Let $a,b,c\ge 0$,show that $$\sqrt{a^3+2}+\sqrt{b^3+2}+\sqrt{c^3+2}\ge \sqrt{\dfrac{9+3\sqrt{3}}{2}(a^2+b^2+c^2)}$$

Answer 1

Some thoughts:

WLOG, assume that $a \le b \le c$.

By AM-GM, we have $$\sqrt{\dfrac{9+3\sqrt{3}}{2}(a^2+b^2+c^2)} \le \frac{(9 + 3\sqrt 3)(a^2 + b^2 + c^2)}{2\sqrt{3}\, c + 6 + 10\sqrt 3} + \frac{2\sqrt{3}\, c + 6 + 10\sqrt 3}{8}.$$

It suffices to prove that $$\sqrt{a^3 + 2} + \sqrt{b^3 + 2} + \sqrt{c^3 + 2} \ge \frac{(9 + 3\sqrt 3)(a^2 + b^2 + c^2)}{2\sqrt{3}\, c + 6 + 10\sqrt 3} + \frac{2\sqrt{3}\, c + 6 + 10\sqrt 3}{8}$$ or \begin{align*} &\left(\sqrt{a^3 + 2} - \frac{(9 + 3\sqrt 3)a^2}{2\sqrt{3}\, c + 6 + 10\sqrt 3} \right) + \left(\sqrt{b^3 + 2} - \frac{(9 + 3\sqrt 3) b^2 }{2\sqrt{3}\, c + 6 + 10\sqrt 3}\right)\\[6pt] &\qquad + \sqrt{c^3 + 2} - \frac{(9 + 3\sqrt 3)c^2}{2\sqrt{3}\, c + 6 + 10\sqrt 3} - \frac{2\sqrt{3}\, c + 6 + 10\sqrt 3}{8} \ge 0. \tag{1} \end{align*} Observing the expressions inside the first and the second parentheses, clearly, we only need to prove the case that $a = b$. Thus, it suffices to prove that, for all $0 \le a \le c$, \begin{align*} F(a, c)&:= 2 \cdot \left(\sqrt{a^3 + 2} - \frac{(9 + 3\sqrt 3)a^2}{2\sqrt{3}\, c + 6 + 10\sqrt 3} \right)\\[6pt] &\qquad + \sqrt{c^3 + 2} - \frac{(9 + 3\sqrt 3)c^2}{2\sqrt{3}\, c + 6 + 10\sqrt 3} - \frac{2\sqrt{3}\, c + 6 + 10\sqrt 3}{8} \ge 0. \tag{2} \end{align*} This inequality is true which is verified by Mathematica.

By the way, we can find the minimum of $$f(a) := \sqrt{a^3 + 2} - \frac{(9 + 3\sqrt 3)a^2}{2\sqrt{3}\, c + 6 + 10\sqrt 3}$$ in closed form (radical form or trigonometric form).

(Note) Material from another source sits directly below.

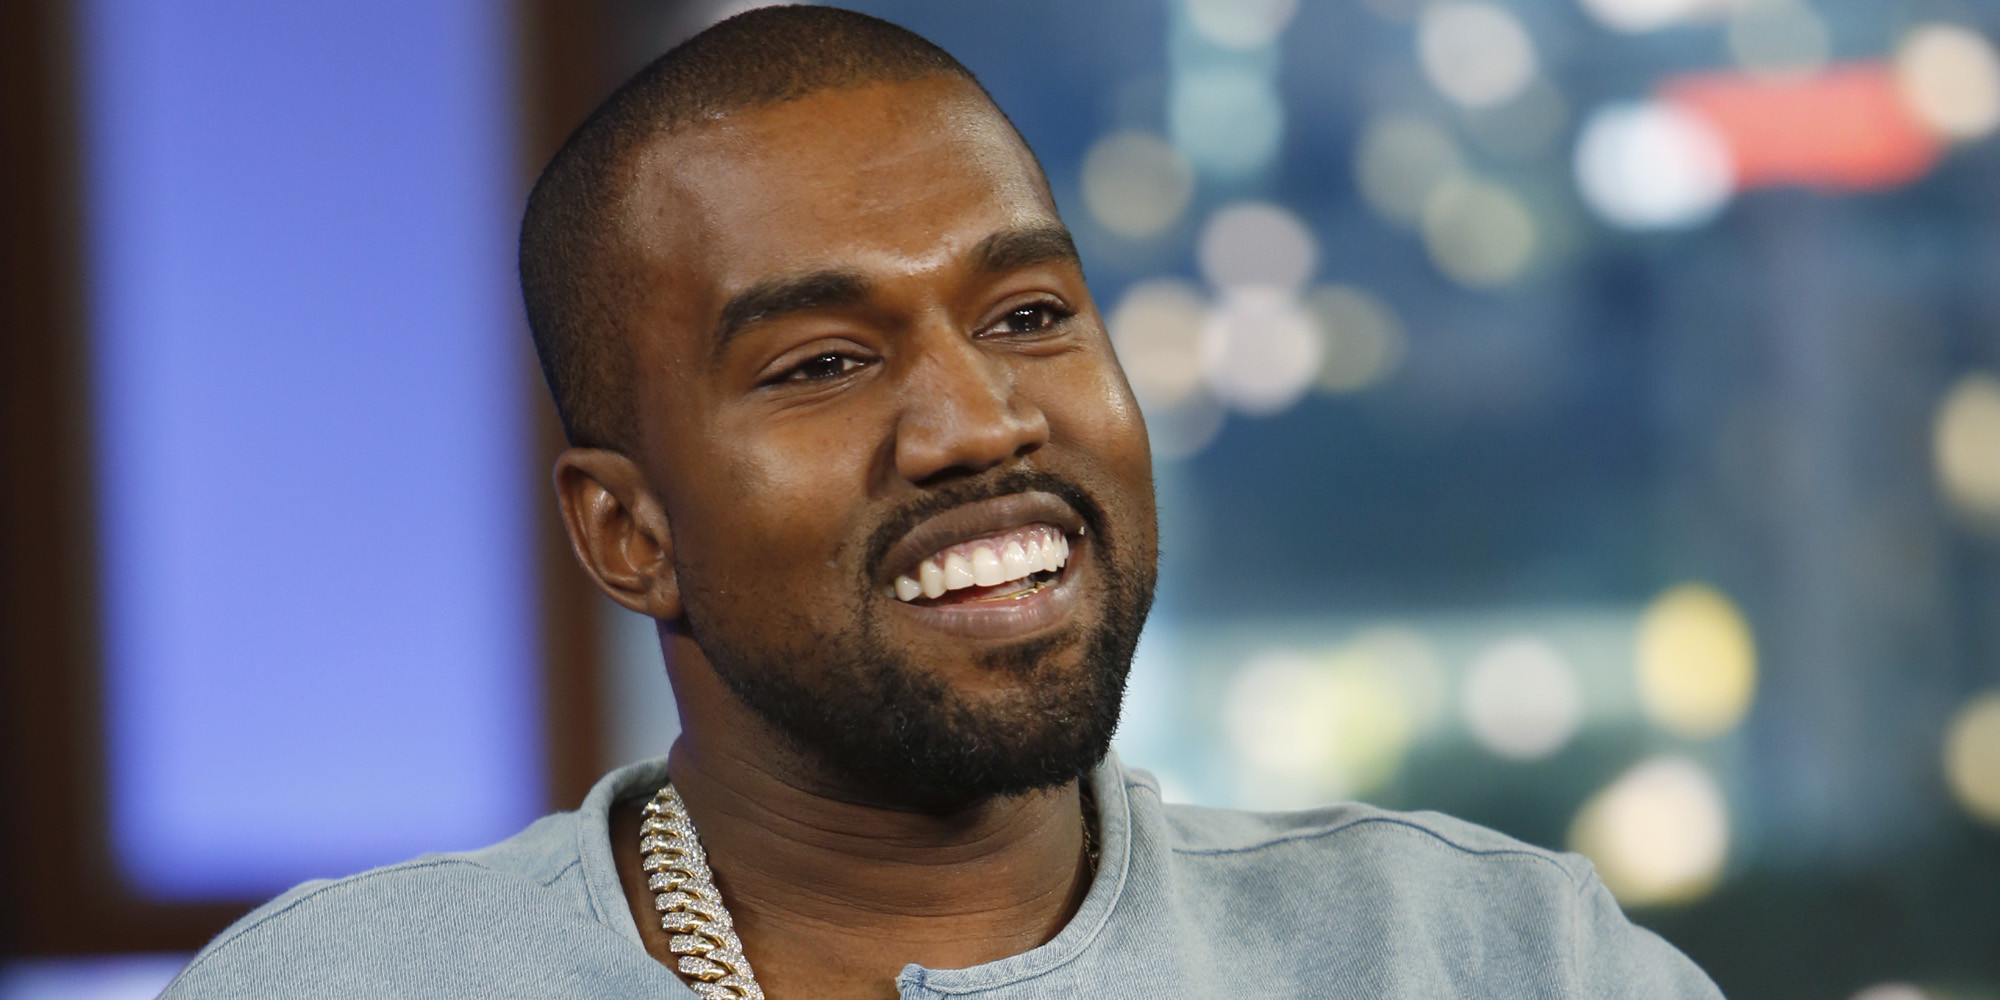 Kanye West quiere que las radios pongan más a Frank Ocean para “Hacer al mundo mejor”

However it is quite complicated.

Answer 2

Remarks: Here is an alternative proof using derivatives.

First of all, we give the following auxiliary result. The proof is given at the end.

Fact 1: Let $q\ge 0$ be fixed. If $(x_0, y_0)$ is a minimizer of $\sqrt{x^3 + 2} + \sqrt{y^3 + 2}$ subject to $x, y\ge 0$ with $x^2 + y^2 = q$, then $(x_0 - y_0)(x_0^2y_0^2 - 2x_0 - 2y_0) = 0$.

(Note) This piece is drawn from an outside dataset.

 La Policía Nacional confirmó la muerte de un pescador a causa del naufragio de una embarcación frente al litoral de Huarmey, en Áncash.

Now, consider the minimum of $$f(a, b, c) := \sqrt{a^3+2}+\sqrt{b^3+2}+\sqrt{c^3+2} - \sqrt{\frac{9+3\sqrt{3}}{2}(a^2+b^2+c^2)},$$ subject to $a, b, c \ge 0$. We have $f(1, 1, 1 + \sqrt 3) = 0$.

Let $(a_0, b_0, c_0)$ be a minimizer. We have $(a_0 - b_0)^2 + (b_0 - c_0)^2 + (c_0 - a_0)^2 \ne 0$ since $f(t, t, t) \ge 3\sqrt{t^3 + 2} - \sqrt{24t^2} > 0$.

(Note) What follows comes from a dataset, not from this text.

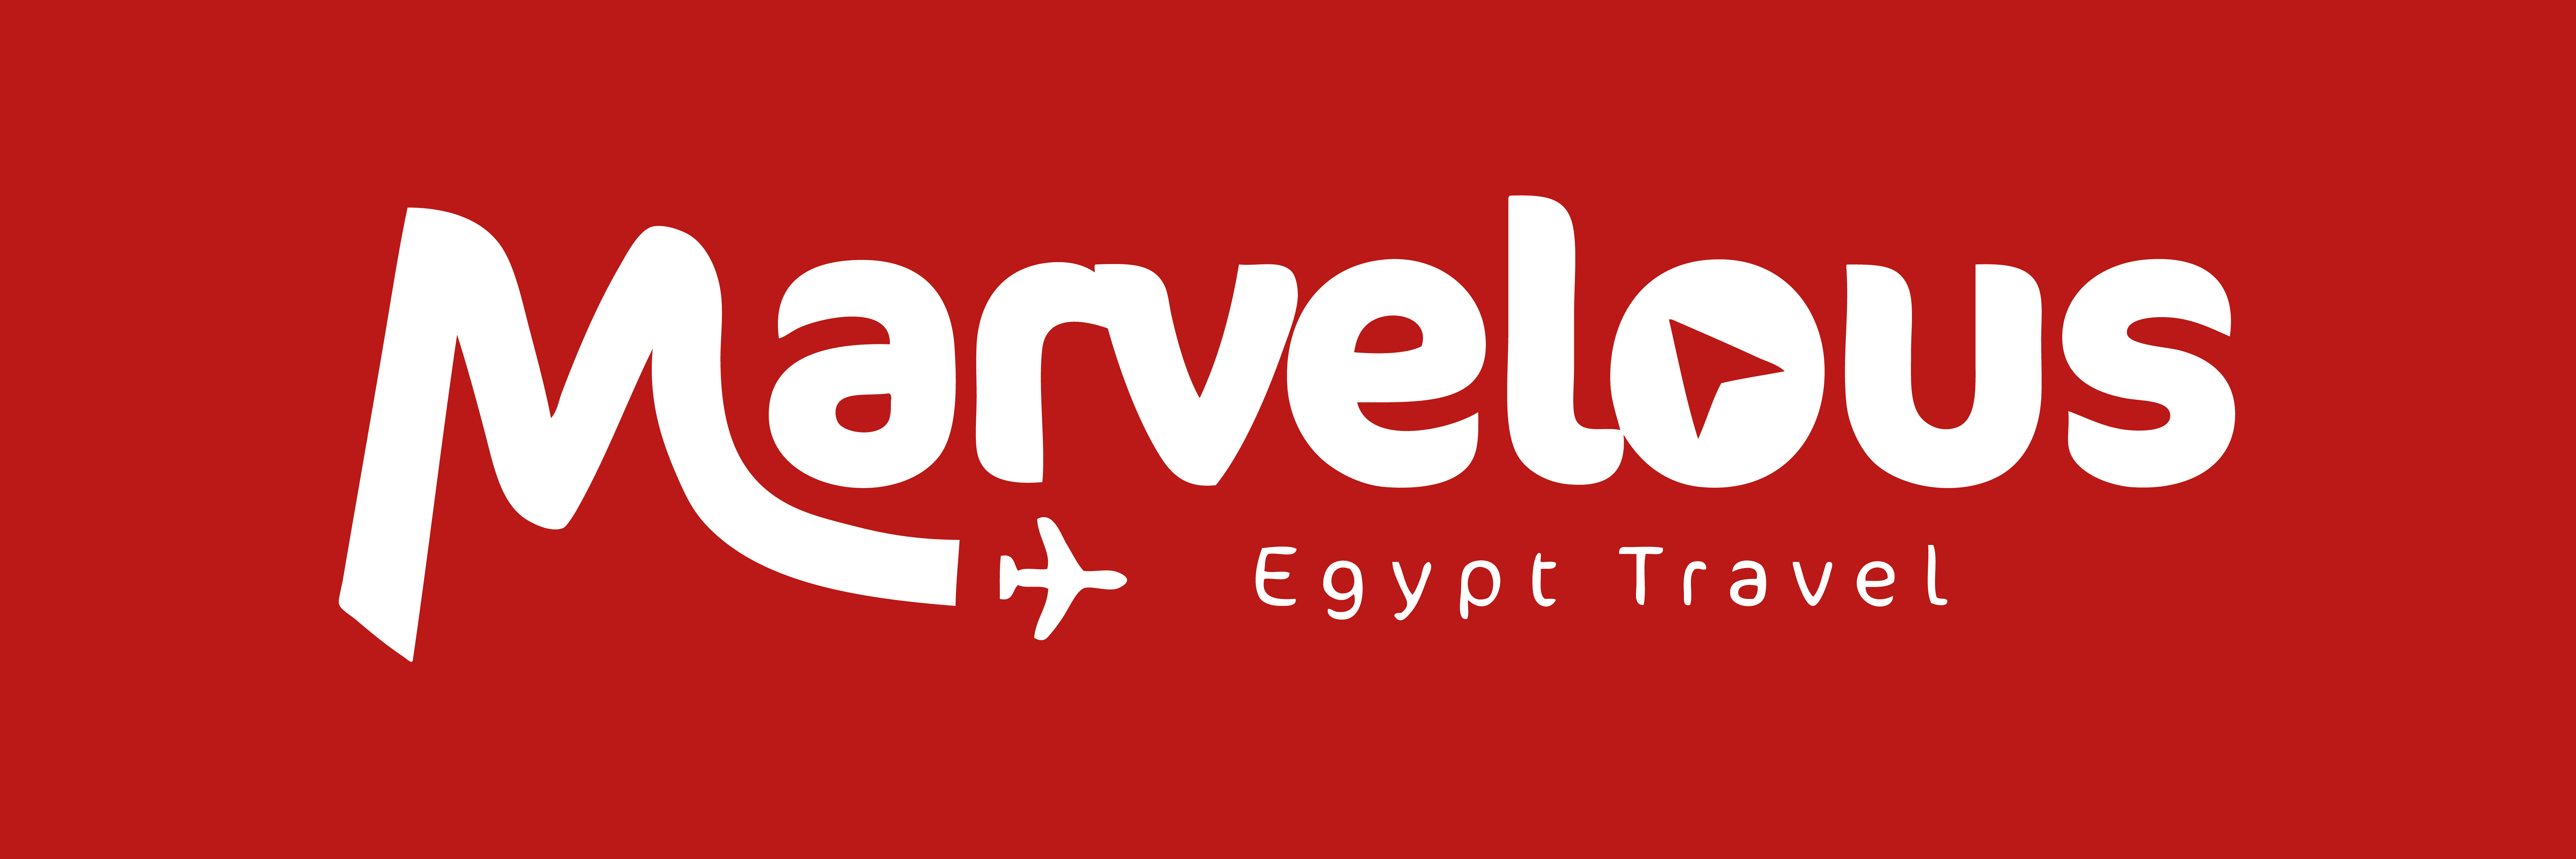 Marvelous Egypt Travel

By Fact 1, we have \begin{align*} (a_0 - b_0)(a_0^2b_0^2 - 2a_0 - 2b_0) &= 0, \tag{1}\\ (b_0 - c_0)(b_0^2c_0^2 - 2b_0 - 2c_0) &= 0, \tag{2}\\ (c_0 - a_0)(c_0^2a_0^2 - 2c_0 - 2a_0) &= 0. \tag{3} \end{align*} (Note: For example, letting $c = c_0$ and $a^2 + b^2 = a_0^2 + b_0^2$, we know that $(a_0, b_0)$ is the minimizer of $\sqrt{a^3+2} + \sqrt{b^3 + 2}$ subject to $a, b\ge 0$ with $a^2+b^2 = a_0^2 + b_0^2$. By Fact 1, we have (1).)

From (1)-(3), we have $a_0 = b_0, c_0 = (1 + \sqrt{2b_0^3 + 1})/b_0^2$ (or permutations). The proof is easy and thus omitted.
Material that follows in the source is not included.